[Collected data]

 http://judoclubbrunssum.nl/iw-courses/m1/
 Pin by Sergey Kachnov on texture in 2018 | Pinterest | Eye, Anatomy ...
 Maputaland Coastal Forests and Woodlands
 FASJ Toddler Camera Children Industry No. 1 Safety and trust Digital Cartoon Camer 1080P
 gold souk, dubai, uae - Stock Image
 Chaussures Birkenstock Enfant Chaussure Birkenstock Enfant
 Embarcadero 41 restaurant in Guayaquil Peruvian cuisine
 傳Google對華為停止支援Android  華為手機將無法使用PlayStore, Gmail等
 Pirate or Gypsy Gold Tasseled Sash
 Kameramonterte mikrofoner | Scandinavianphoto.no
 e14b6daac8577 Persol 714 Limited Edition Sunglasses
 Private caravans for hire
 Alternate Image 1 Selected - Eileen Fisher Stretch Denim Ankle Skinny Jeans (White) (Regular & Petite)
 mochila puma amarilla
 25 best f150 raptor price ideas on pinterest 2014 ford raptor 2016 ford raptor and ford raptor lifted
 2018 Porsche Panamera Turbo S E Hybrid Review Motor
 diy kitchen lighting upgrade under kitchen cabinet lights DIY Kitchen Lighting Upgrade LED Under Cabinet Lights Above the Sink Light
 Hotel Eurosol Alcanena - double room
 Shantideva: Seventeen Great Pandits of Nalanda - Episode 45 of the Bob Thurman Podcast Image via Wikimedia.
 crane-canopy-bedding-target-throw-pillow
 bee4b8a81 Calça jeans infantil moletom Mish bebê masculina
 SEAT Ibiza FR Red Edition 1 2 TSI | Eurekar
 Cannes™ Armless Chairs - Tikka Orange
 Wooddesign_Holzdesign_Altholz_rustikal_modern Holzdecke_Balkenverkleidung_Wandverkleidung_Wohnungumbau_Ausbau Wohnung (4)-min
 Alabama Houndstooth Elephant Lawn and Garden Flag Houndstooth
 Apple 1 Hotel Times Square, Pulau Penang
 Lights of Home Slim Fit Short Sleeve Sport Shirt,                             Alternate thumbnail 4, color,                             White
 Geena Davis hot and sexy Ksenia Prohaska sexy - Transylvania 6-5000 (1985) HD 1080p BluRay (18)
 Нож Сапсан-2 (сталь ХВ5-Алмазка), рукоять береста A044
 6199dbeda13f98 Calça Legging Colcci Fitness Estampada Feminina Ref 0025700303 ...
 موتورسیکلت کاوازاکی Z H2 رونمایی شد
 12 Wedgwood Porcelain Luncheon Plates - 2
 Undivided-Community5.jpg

** Task directions **
Return, exactly as written, only those lines that run from the one with "crane-canopy-bedding-target-throw-pillow" to the last line of the data, both of those lines included.

** Response to the task **
 crane-canopy-bedding-target-throw-pillow
 bee4b8a81 Calça jeans infantil moletom Mish bebê masculina
 SEAT Ibiza FR Red Edition 1 2 TSI | Eurekar
 Cannes™ Armless Chairs - Tikka Orange
 Wooddesign_Holzdesign_Altholz_rustikal_modern Holzdecke_Balkenverkleidung_Wandverkleidung_Wohnungumbau_Ausbau Wohnung (4)-min
 Alabama Houndstooth Elephant Lawn and Garden Flag Houndstooth
 Apple 1 Hotel Times Square, Pulau Penang
 Lights of Home Slim Fit Short Sleeve Sport Shirt,                             Alternate thumbnail 4, color,                             White
 Geena Davis hot and sexy Ksenia Prohaska sexy - Transylvania 6-5000 (1985) HD 1080p BluRay (18)
 Нож Сапсан-2 (сталь ХВ5-Алмазка), рукоять береста A044
 6199dbeda13f98 Calça Legging Colcci Fitness Estampada Feminina Ref 0025700303 ...
 موتورسیکلت کاوازاکی Z H2 رونمایی شد
 12 Wedgwood Porcelain Luncheon Plates - 2
 Undivided-Community5.jpg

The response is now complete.